MANILA, Philippines – They have charmed and left audiences in awe here in the Philippines and abroad with their impeccable mix of athleticism and artistry.
But just like before, the University of the Philippines Varsity Pep Squad proved that they are at their best when they are at home.
Three months after finishing third in the 6th Cheerleading World Competition in Hong Kong, the UP Pep Squad wowed around 5,000 people in their thanksgiving concert entitled "Elev80's" Wednesday night at the UP Theater.
The seven-time UAAP cheerdance competition champions, clad in costumes reminiscent of the 1980s, jived to the beats of artists from three decades back as they dazzled the audience with dance numbers from a wide array of forms, including classical ballet to hip-hop and jazz funk.
Fusion of art and skills
The two-and-a-half hour show kicked off with a reprisal of the team's Madonna-themed performance --- this time without the blonde dos --- that won them the 2011 UAAP cheerdance crown as the crowd screamed aloud like they did at the Smart Araneta Coliseum last year.
Prof.

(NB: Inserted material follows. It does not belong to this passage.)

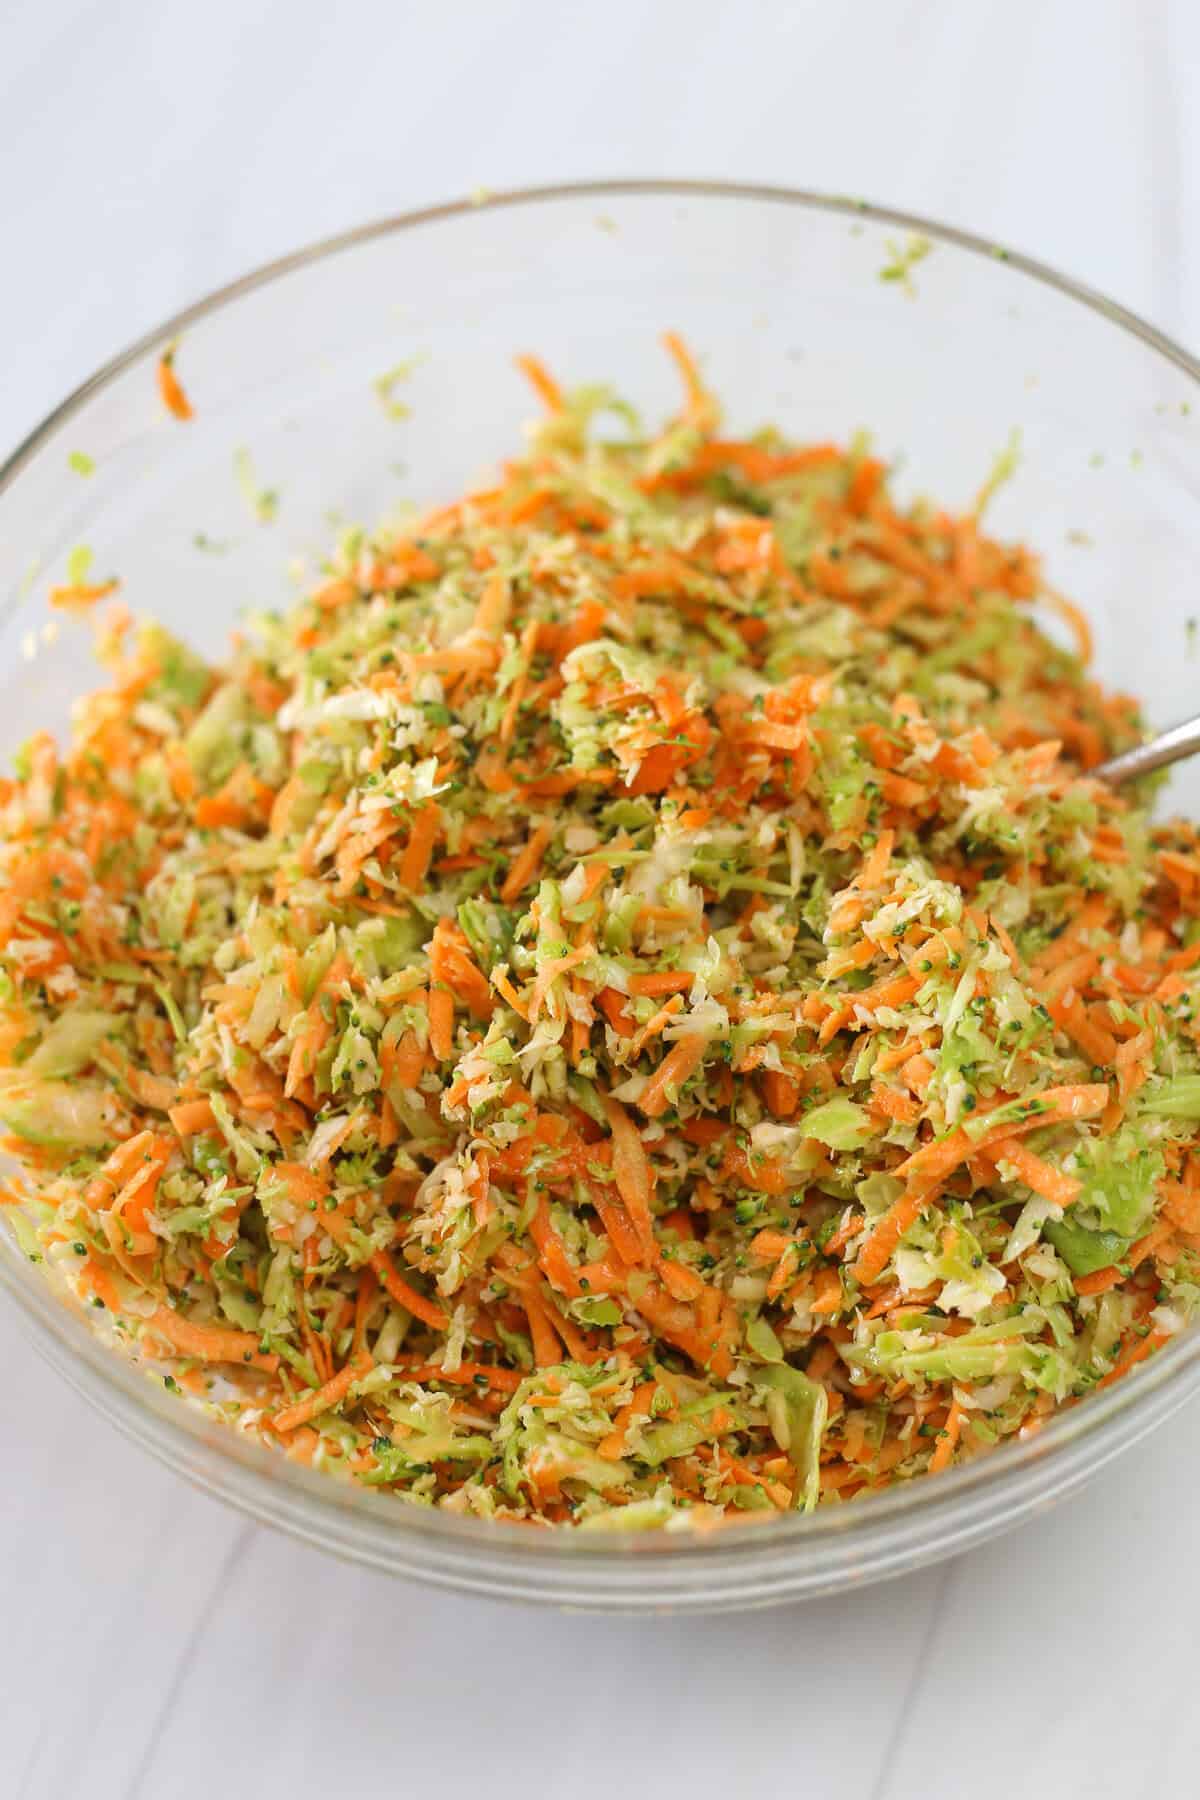 Shredded vegetables in a glass bowl being tossed with olive oil and salt & pepper.

Ruben Defeo of the Office of Initiatives for Culture and the Arts then paid tribute to UP Pep, noting that it was a "sumptuous" year for the squad that reaped victory after victory while also bringing pride to the UP community.
Defeo, who also heads the UP Public Information Office, added that the team, through its head coach Lala Perena, has perfected the fusion of art and skills, thereby producing not just athletes, but artists as well.
80’s hits galore
UP Pep alumni also took center stage and fired up the crowd with a medley that included 80's hits Karma Chameleon by Culture Club, Katrina and the Waves' Walking on Sunshine, Build Me Up Buttercup by The Foundations, and Whitney Houston's Dance With Somebody.
Current members of the team joined the fray later and egged on the audience to dance with them to the tune of YMCA by Village People and We Are Family by Sister Sledge, much to the latter's delight.
After a ballet number done with the UP Dance Company, the squad went on to honor stars of the 80s like Tina Turner, Prince, David Benoit, Bon Jovi and Stevie Wonder as they jived to Flashdance (Irene Cara), Footloose (Kenny Loggins), Fame (Irene Cara) and I Need A Hero (Bonnie and Tyler).
Freshmen members of the crew also showed that UP Pep’s future is in good hands with renditions of hits by Michael and Janet Jackson.
With important events in history in the 1980s like the assassination and funeral of Ninoy Aquino and the People Power Revolution serving as background, the so-called “Pep Squad ng Bayan” delivered a touching take on Alphaville’s Forever Young before guest Jungee Marcelo of the Philippine Hip Hop Federation, sang and danced to Sa Yahweh, a song he composed that was popularized by Gary Valenciano.
Drummers from the past and present also took the spotlight when they presented Queen’s We Will Rock You, backstopped by a full band and with snare and bass drummers stomping to the beat.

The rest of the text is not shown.